Therapists on Social Media Is Great, but It's Not Therapy
I’ve written before about my concerns with the mental health impacts of social media in general and with specific trends in particular, like “reality shifting” on TikTok. But one that is a delicate double-edged sword is the burgeoning presence of therapists on social media. Many have great things to say and are doing profoundly important work in not only destigmatizing therapy, but also providing somewhere for those who cannot access therapy for whatever reasons a place to go to feel supported.
• What is PTSD?
I confess to following a number of therapists’ podcasts, YouTube channels, and social media profiles, and gleaning positive insights from them. But, I comprehend what they offer isn’t therapy per se and that there are potential ethical boundary violations that come with serious liability issues for therapists offering specific advice in their posts. The content created by these therapists should always come with a disclaimer stating their posts do not constitute therapeutic advice nor should they be a replacement for individual therapy. The thing is… they don’t always, and that should scare all of us.
This is particularly concerning in a world where people are learning terminology used to diagnose or treat actual mental health conditions and co-opting these terms to speak colloquially about concepts that are not in fact the same things. Take this meme for example:
This perfectly sums up the pervasiveness of the problem.
Narcissistic personality disorder is not “narcissism” and cannot be diagnosed by anyone but a mental health professional who is actually treating a patient. There are plenty of people who behave selfishly, have inflated egos and might even exhibit complete disregard for anyone but themselves.

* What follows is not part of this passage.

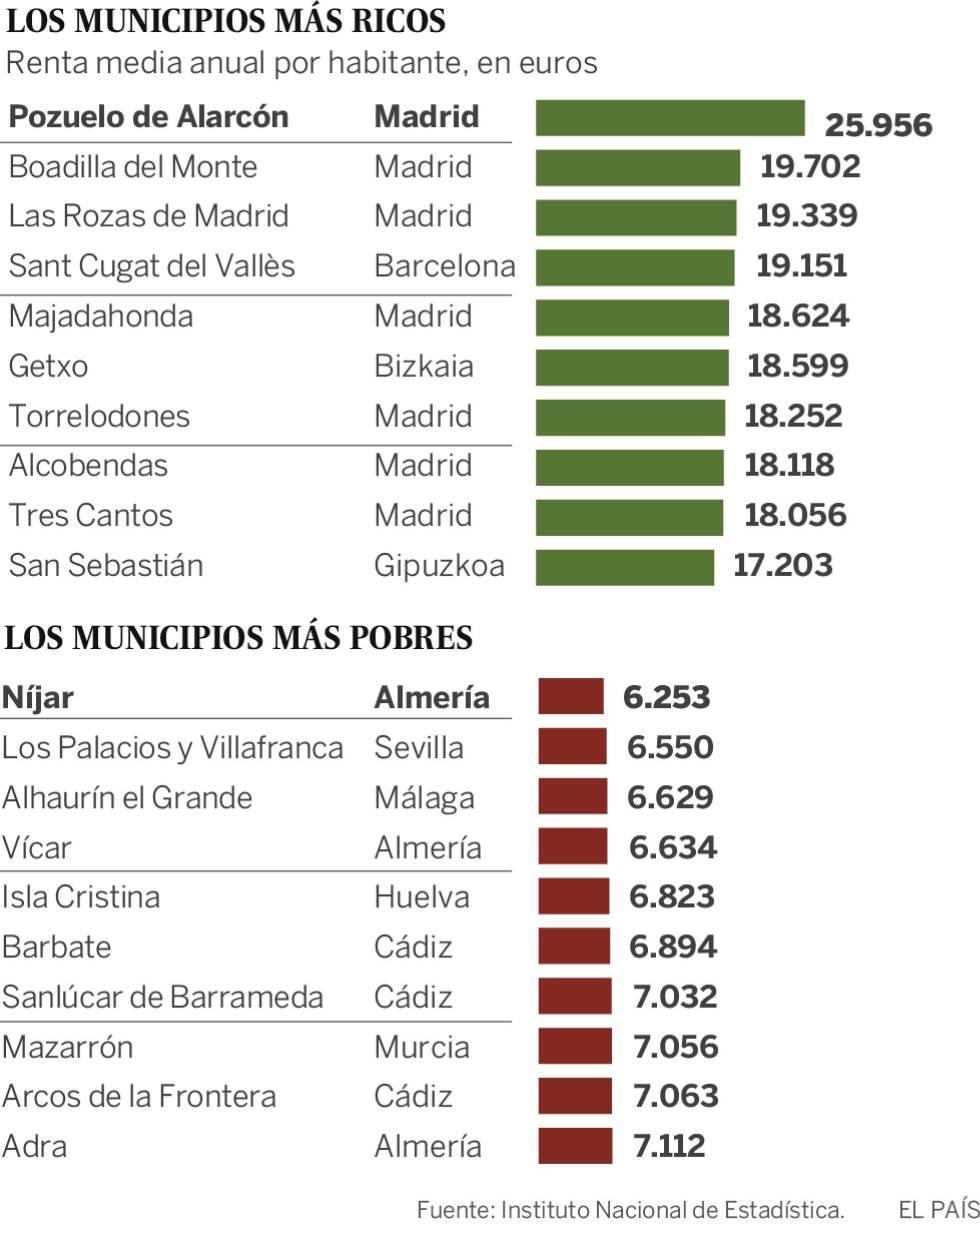 Pozuelo, Las Rozas... ¿Qué tienen en común todos los municipios ricos de España?

But we cannot assume they are “narcissists” in the true definition of the word.
“Trauma” or post-truamatic stress disorder (PTSD) is not code for “bad things that happen,” but rather a response some people have to things that occur that may be life-threatening. And not everyone who experiences the same event will be “traumatized” or develop PTSD. Again, this is a diagnosis that a mental health professional needs to make based on very strict criteria of presenting symptoms.

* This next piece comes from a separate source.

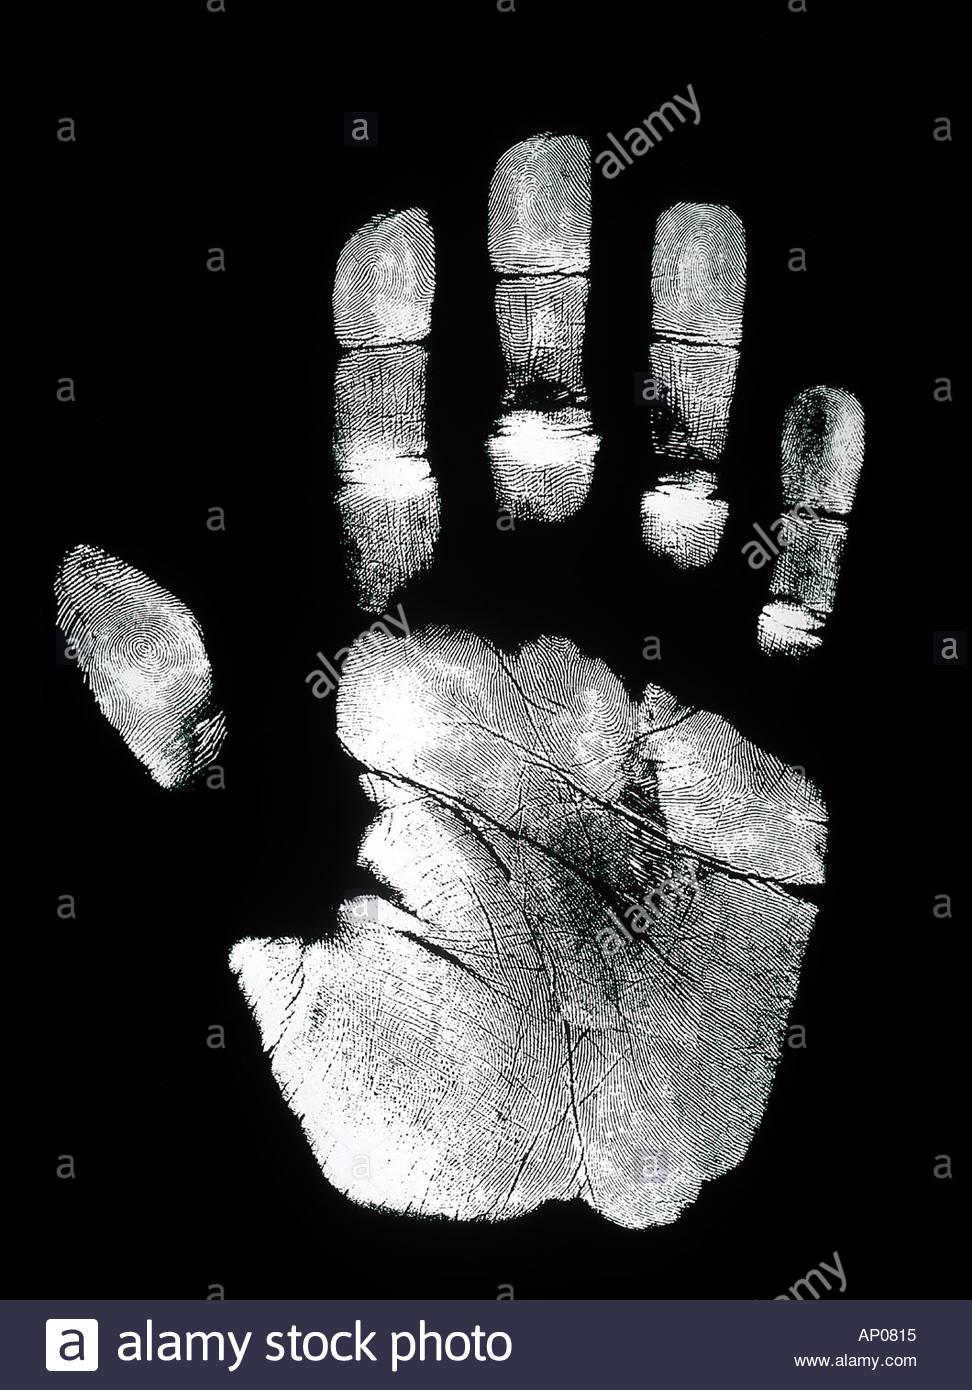 Handabdruck Print Handfläche und Finger Prints auf schwarzem Hintergrund Stockbild

“Codependency” is a very specific dysfunctional relationship where there is excessive reliability on the other individual or the relationship to feel safe or avoid being abandoned. It’s not just getting your needs met — which is something all human beings require and is a normal, healthy part of a mutually beneficial relationship. Codependency often evolves out of trauma, like growing up with an alcoholic parent, and is extremely complex and nuanced.
“Healing” isn’t the same thing as “personal growth” or “self-care.” It generally refers to the process of working through traumatic experiences that have resulted in mental health conditions like PTSD, or recovering from something like substance abuse, self-harm, or an eating disorder. These processes involve tremendous time, energy, and the careful guidance of a trauma therapist or treatment center with very rigorously managed protocols.
Being “happy” all the time is unrealistic and isn’t even the goal of therapy. Learning how to cope in a healthy way and ride the waves of unexpected occurrences in life without becoming emotionally dysregulated is the goal. Insisting on always being positive is toxic and can be abusive. Some things suck and the appropriate feeling is to be sad, grieve, be angry, or be frustrated. All of these feelings are instructive and “normal” which is a word I shudder to say because it is a loaded one in and of itself.
And while I’ve had a therapist (ex-therapist) who constantly yapped at me about “feeling my feelings,” the reality is sometimes we all need a break. That’s why healthy distractions can be incredibly useful. None of us could have survived the uncertainty of this never-ending COVID-19 pandemic without figuring out how to escape our constant worry, fear, and hypervigilance — Thank you “Ted Lasso” and “Schitt’s Creek.”
Let me be clear… everyone’s journey in life is unique and for each of us, therapy and what we need out of therapy looks different. The only people who can assess what kinds of treatment modalities you need are you and your therapist. Generalizations like these that take mental health tropes and hijack them to be used in normative terms have the danger of encouraging comparative suffering, delegitimizing actual mental health conditions, perpetuating stigmatizing labels about certain conditions. and normalizing victim blaming.
Language matters now, perhaps more than ever, in this age of misinformation. Using therapy lingo to describe “life” is dangerous and promotes misinformation. It also delegitimizes the field of mental health as a necessary and integral part of our health care system, and today perhaps more than ever the majority of us are recognizing mental health is no laughing matter.